Data supplied:
╭──

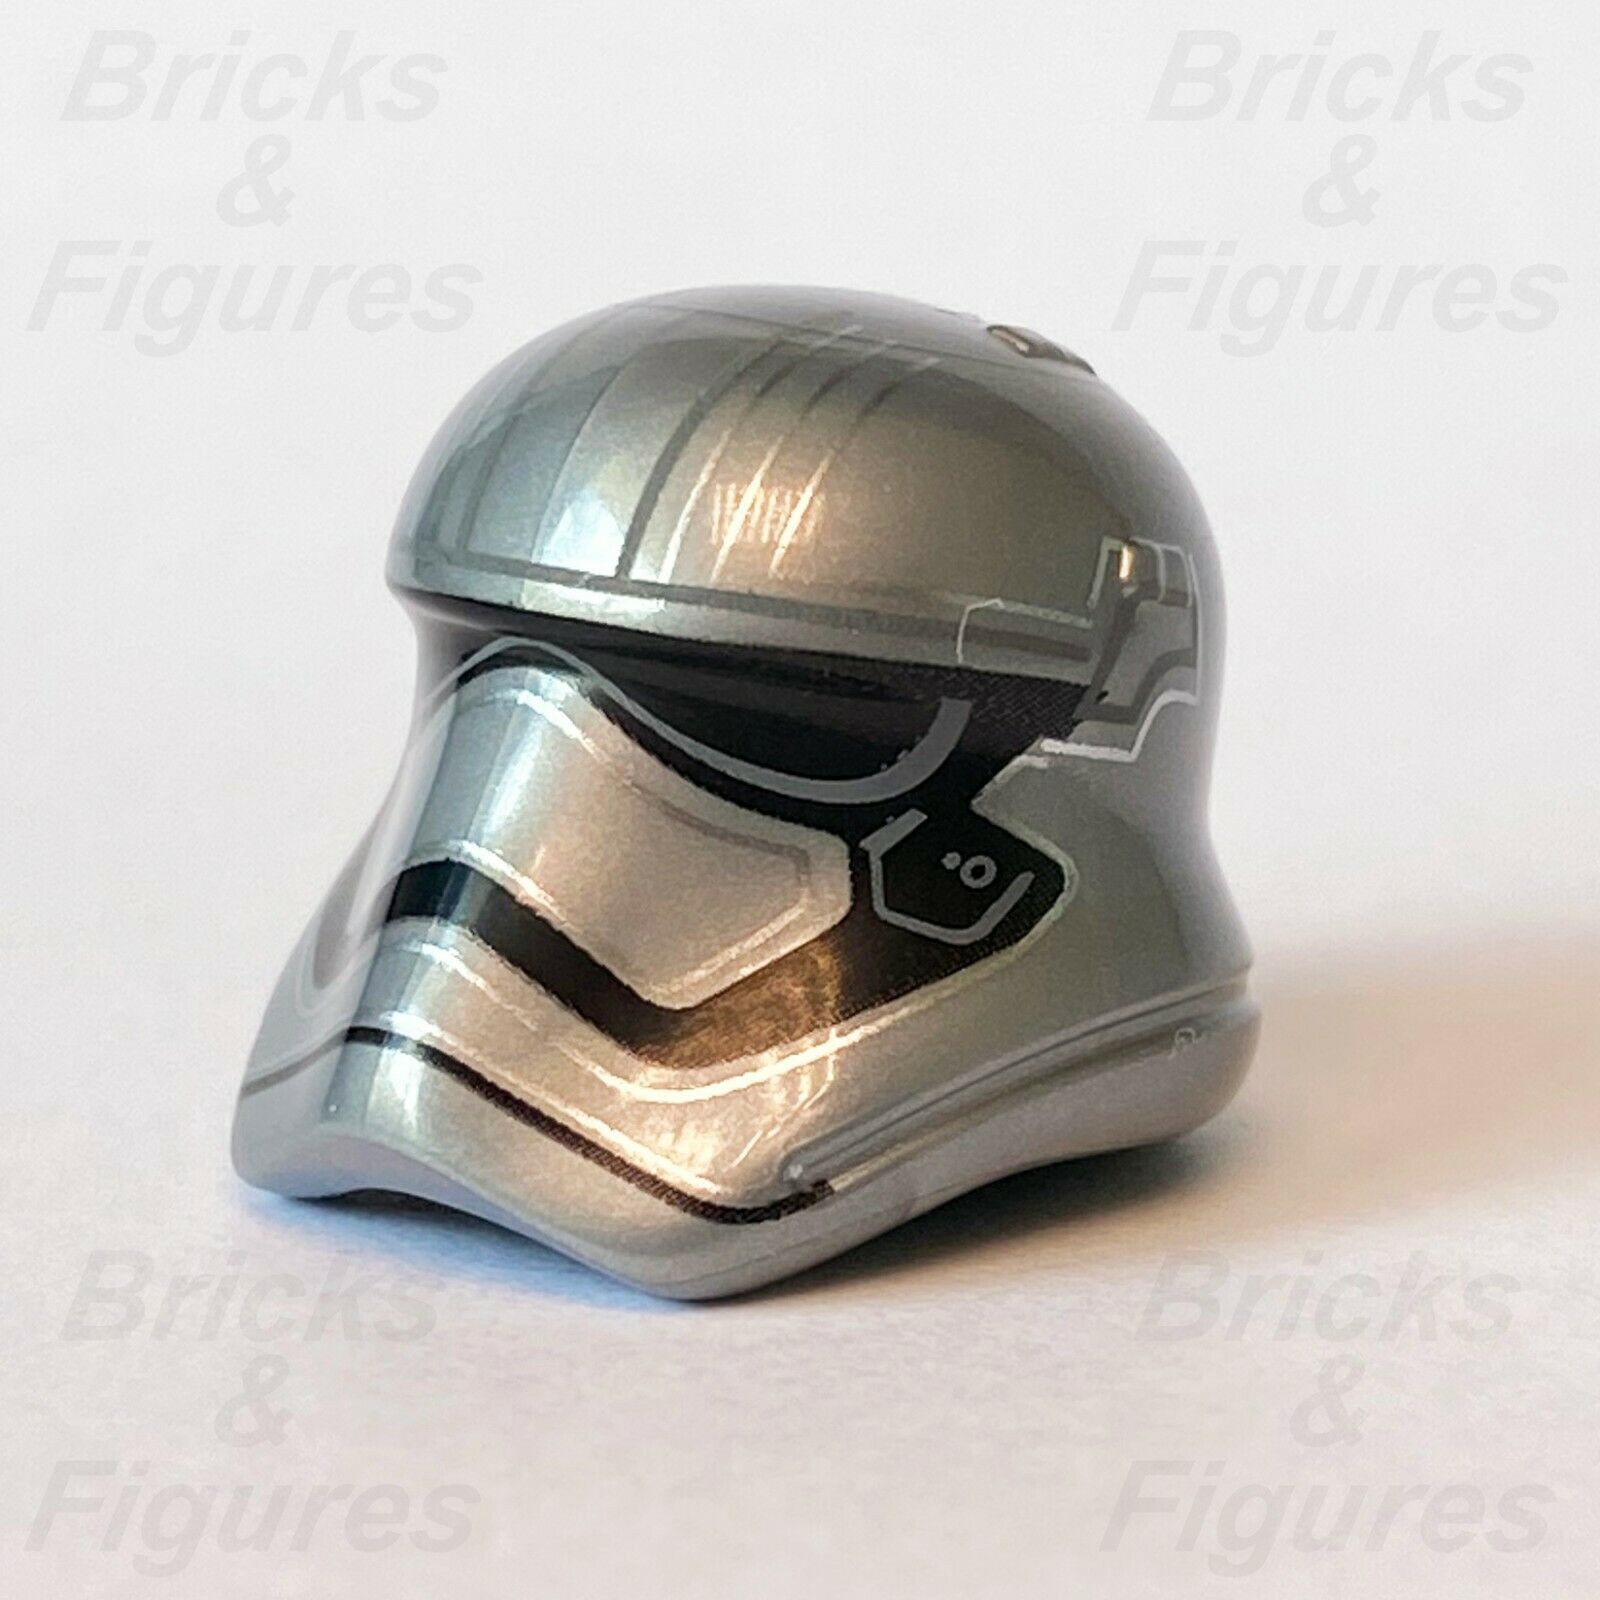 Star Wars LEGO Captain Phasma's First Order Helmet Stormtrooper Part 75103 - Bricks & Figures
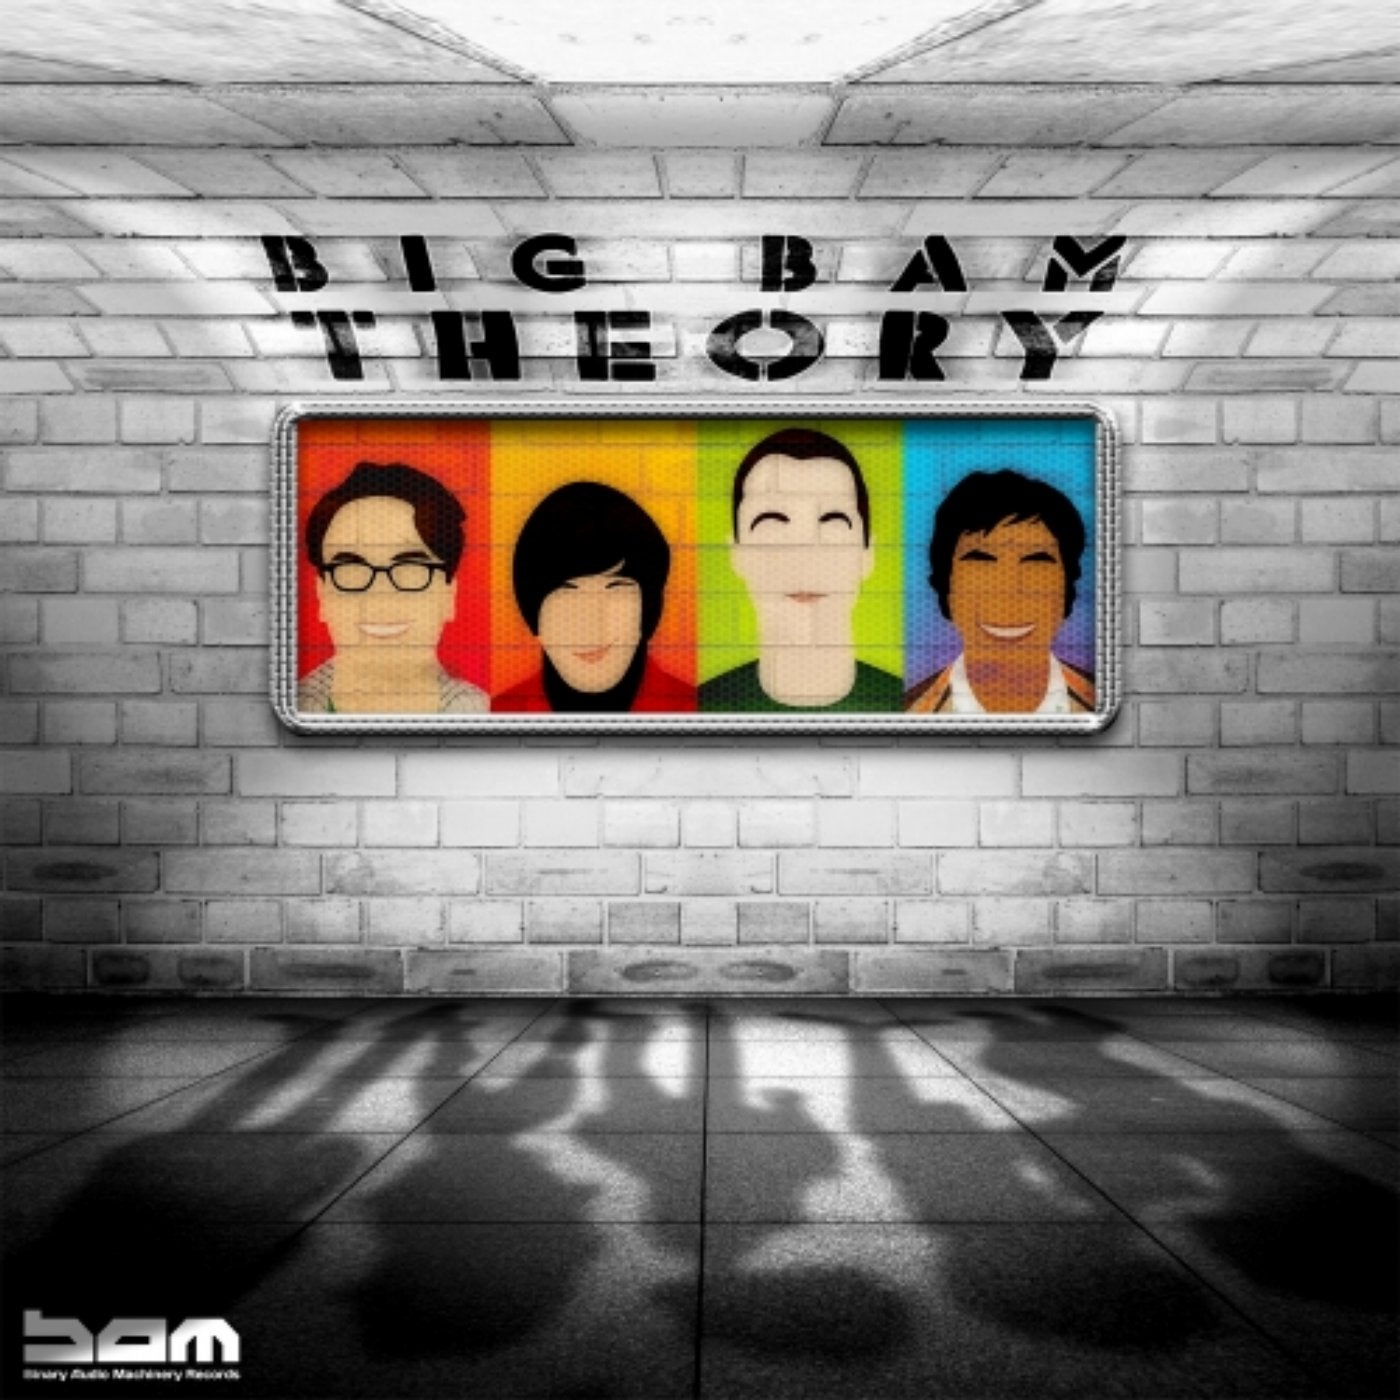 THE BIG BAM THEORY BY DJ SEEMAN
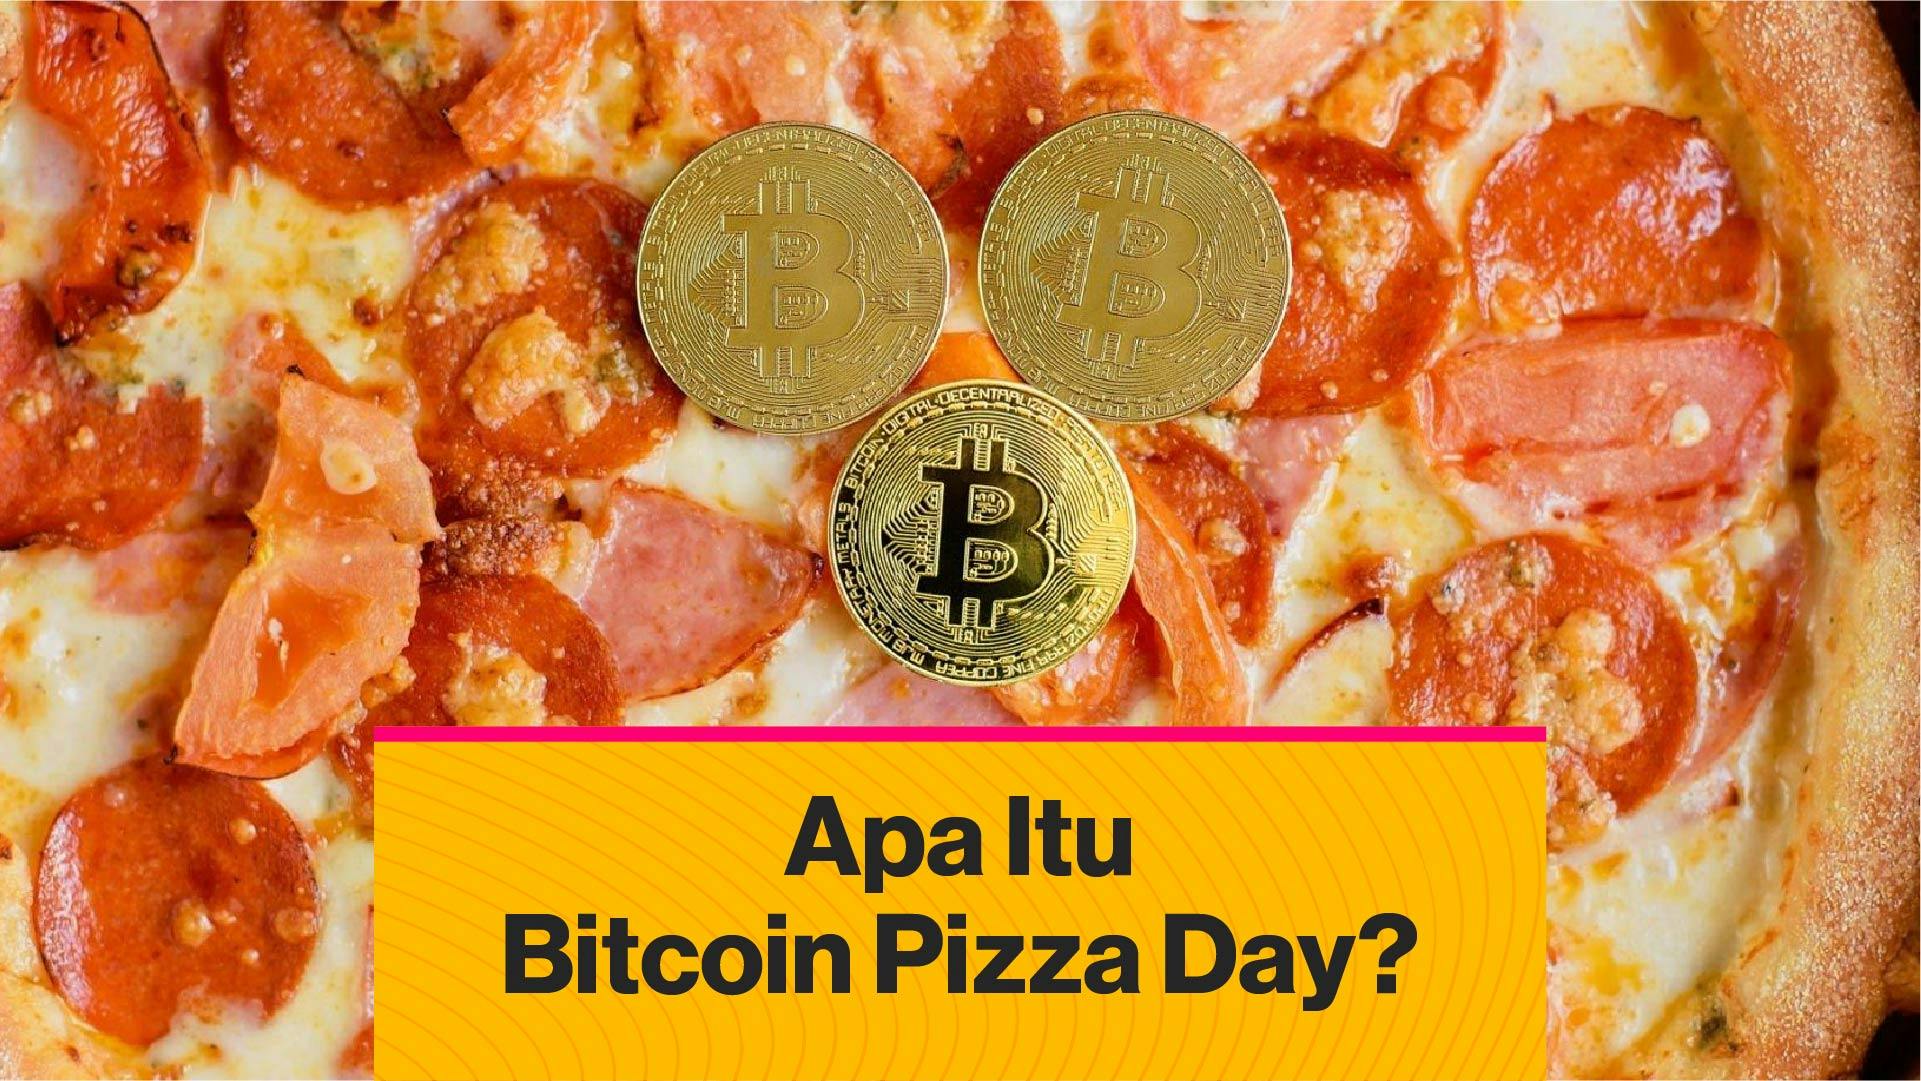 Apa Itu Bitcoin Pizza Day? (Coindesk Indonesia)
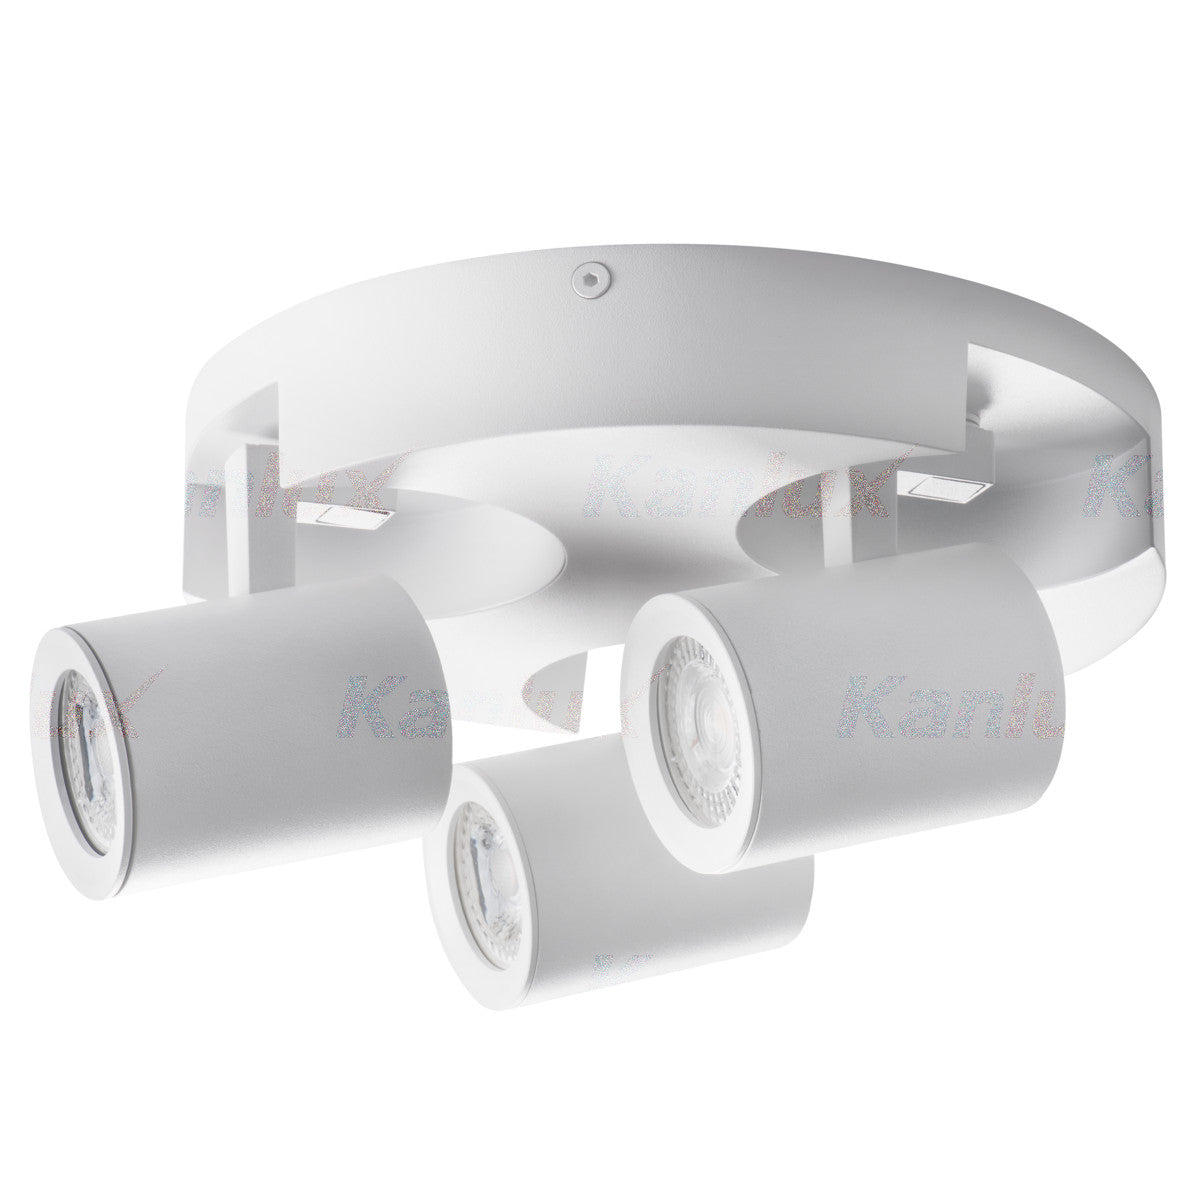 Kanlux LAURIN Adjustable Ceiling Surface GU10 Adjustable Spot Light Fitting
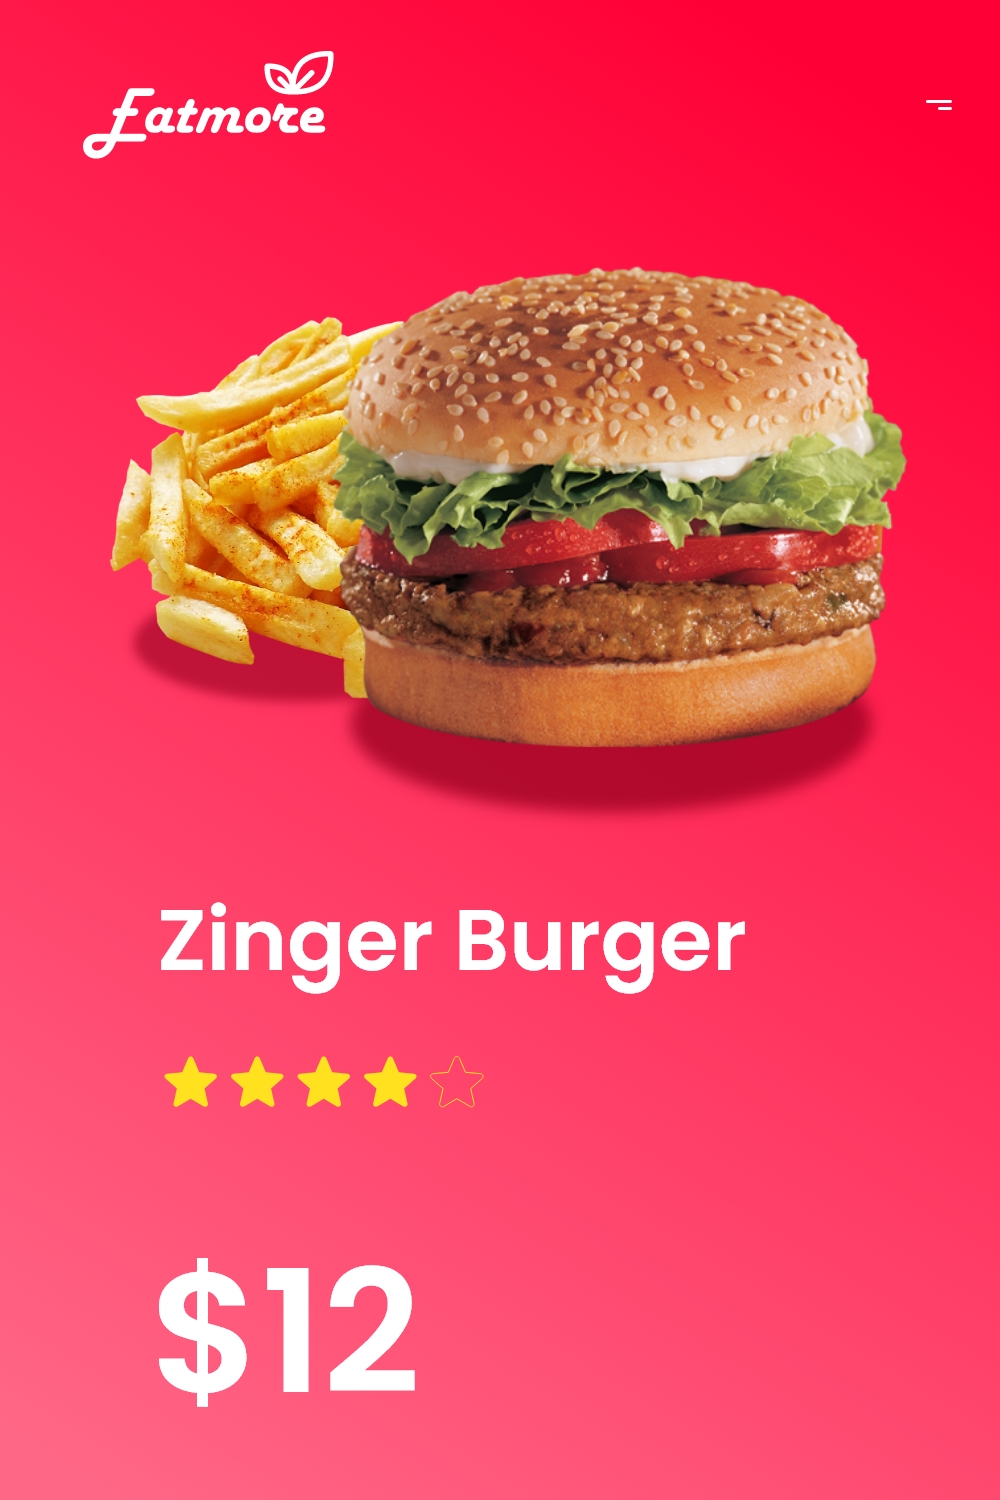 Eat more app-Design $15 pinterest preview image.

╰──

A word-for-word copy of the material is required; pictures stay out of it.

 Star Wars LEGO Captain Phasma's First Order Helmet Stormtrooper Part 75103 - Bricks & Figures
 THE BIG BAM THEORY BY DJ SEEMAN
 Apa Itu Bitcoin Pizza Day? (Coindesk Indonesia)
 Kanlux LAURIN Adjustable Ceiling Surface GU10 Adjustable Spot Light Fitting
 Eat more app-Design $15 pinterest preview image.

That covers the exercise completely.